Poco después de la batalla en la cima de la colina, Crane, exhausto y algo nervioso, salió de Guantánamo en el barco de despacho con sus compañeros periodistas. Delante de él estaban los sucesos de Daiquirí, Siboney, Las Guásimas y Cerro San Juan, seguidos de un colapso (quizás malaria o fiebre amarilla), que erosionó aún más su ya precaria salud. Apenas dos años después de los sucesos de Guantánamo, Stephen Crane murió a los 28 años.

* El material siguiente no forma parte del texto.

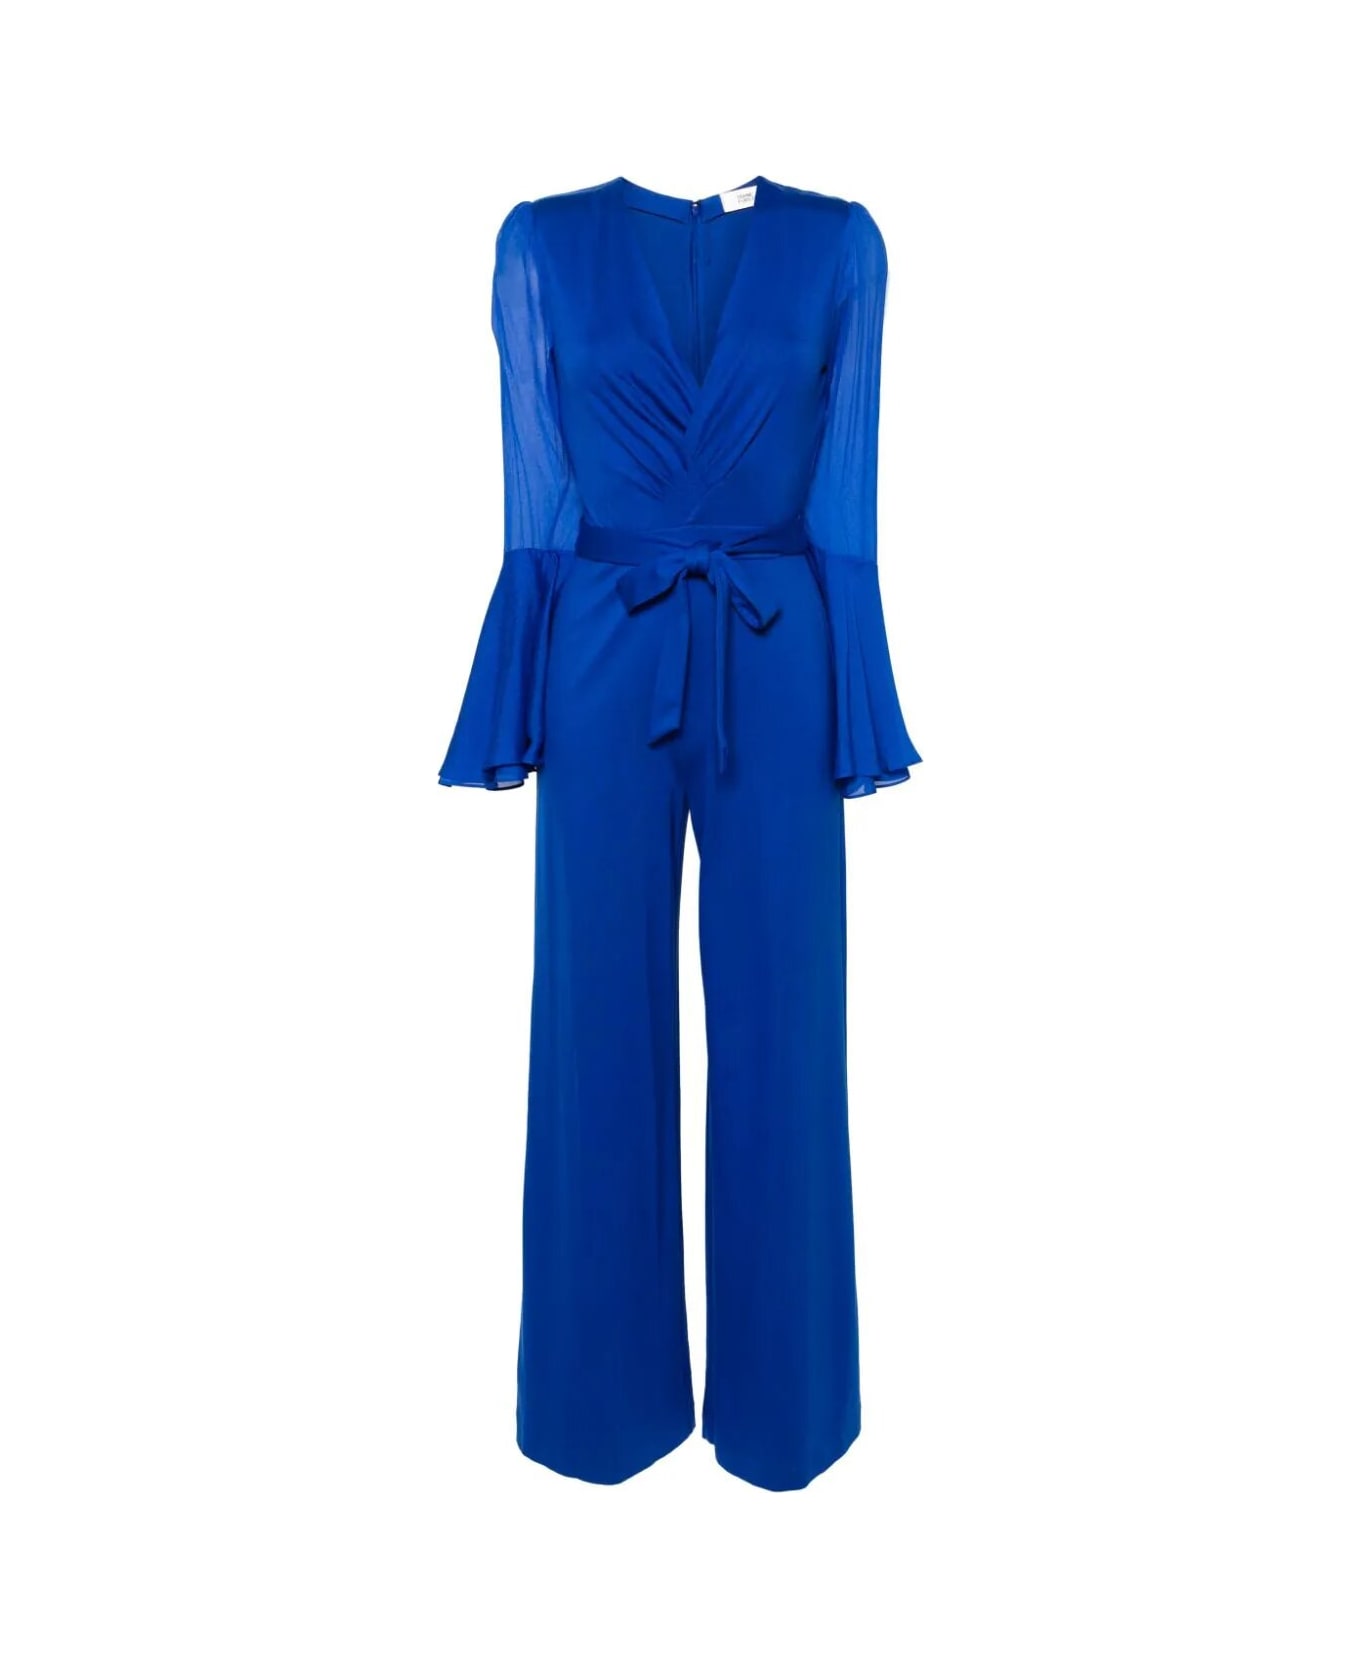 Diane Von Furstenberg Shing Jumpsuit - Sapphire Blue ジャンプスーツ

De pie en el mirador de Malones, mirando a través de las colinas en la ubicación aproximada de estos eventos, recordé la descripción de Crane de este mismo paisaje. Escribió dos versiones: una versión en un despacho de noticias y una segunda versión en "War Memories". Ambos pasajes involucran un estudio panorámico desde lo alto de la montaña donde tuvo lugar la escaramuza. En el despacho, Crane notó la vista en el fragor del combate: “El cielo estaba impecable, el sol brillaba como si fuera a derretir la tierra. Lejos, de un lado, estaban las aguas de la bahía de Guantánamo, del otro, una vasta extensión de mar azul ondeando en millones de pequeñas olas. El campo circundante no era más que millas y millas de crestas marrones y demacradas. Habría sido una hermosa vista si uno hubiera tenido tiempo ".

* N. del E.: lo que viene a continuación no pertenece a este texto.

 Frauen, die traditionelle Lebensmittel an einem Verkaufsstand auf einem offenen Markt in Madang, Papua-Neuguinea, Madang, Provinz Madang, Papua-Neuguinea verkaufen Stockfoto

En la segunda versión, Crane (a través de su narrador ficticio Vernall) contempla la vista durante la relativa calma después de que termina la pelea: “Descubrí para mi asombro que estábamos en la cima de una colina tan alta que nuestros ojos liberados parecían barren más de la mitad del mundo. El vasto tramo de mar, brillando como una frágil seda azul en la brisa, se perdió finalmente en una indefinida neblina rosada, mientras que en la otra dirección, cresta tras cresta, cresta tras cresta, se enrollaba marrón y árida hacia el norte ".

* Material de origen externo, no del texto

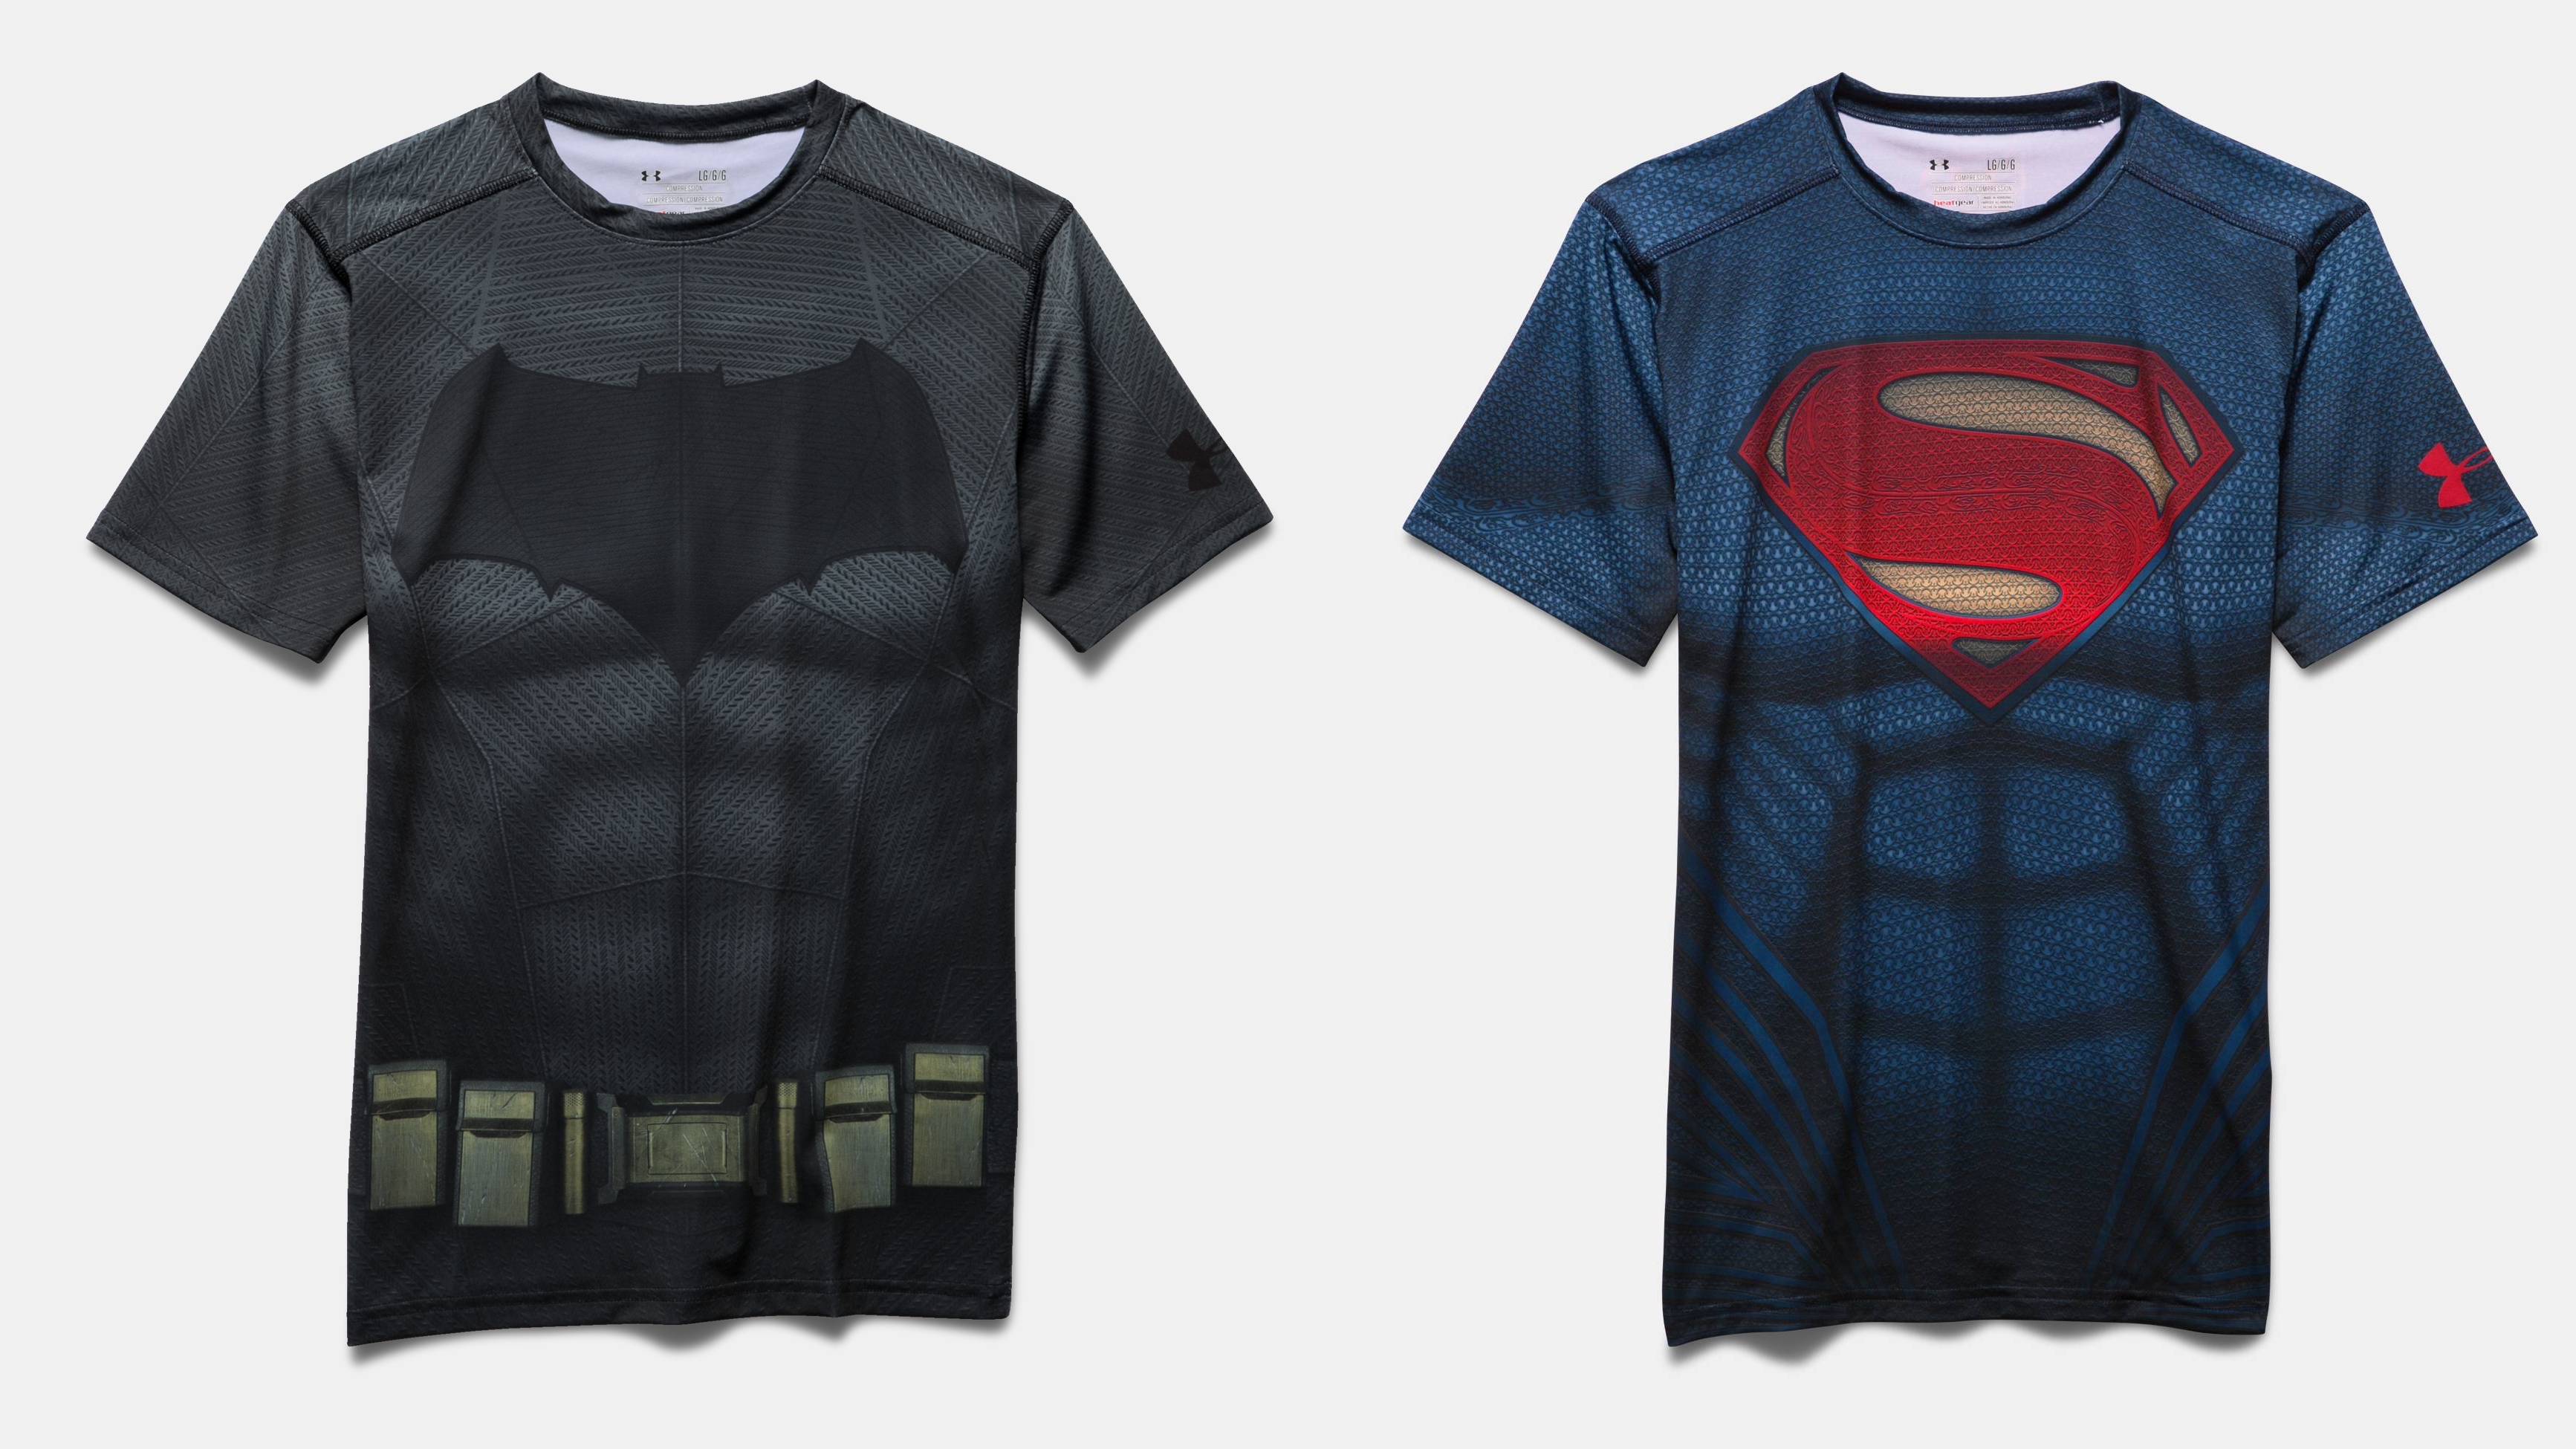 Under Armour launches 'Batman v Superman' merchandise

Esta era esencialmente la misma vista panorámica que tenía ahora en Malones Lookout, aunque mi vista, si tenía la geografía correcta, estaba un poco más hacia el interior y un poco más arriba. Y, por supuesto, más tarde en un siglo. Debido al tiempo transcurrido, pude ver lo que Crane no pudo ver: el resultado final de la acción de los marines en Guantánamo en junio de 1898, es decir, la base naval se extendía ante mí. Mientras Crane navegaba fuera de mi vista, para informar sobre las próximas batallas de la guerra, dirigí mi atención a Gitmo, uno de los principales premios de esa guerra.

Qué intrincada historia se había producido en la construcción de la base y el pequeño y extraño municipio que se había desarrollado junto con la instalación naval. Tras la rendición de España en la Guerra Hispanoamericana, Cuba se convirtió en un protectorado de Estados Unidos. El abierto control administrativo estadounidense del país duró poco más de tres años mientras los funcionarios estadounidenses y los representantes cubanos negociaban las condiciones de la independencia de Cuba. Que se impongan condiciones en absoluto es indignante para los cubanos, incluso peor, insistió Estados Unidos en condiciones particularmente onerosas.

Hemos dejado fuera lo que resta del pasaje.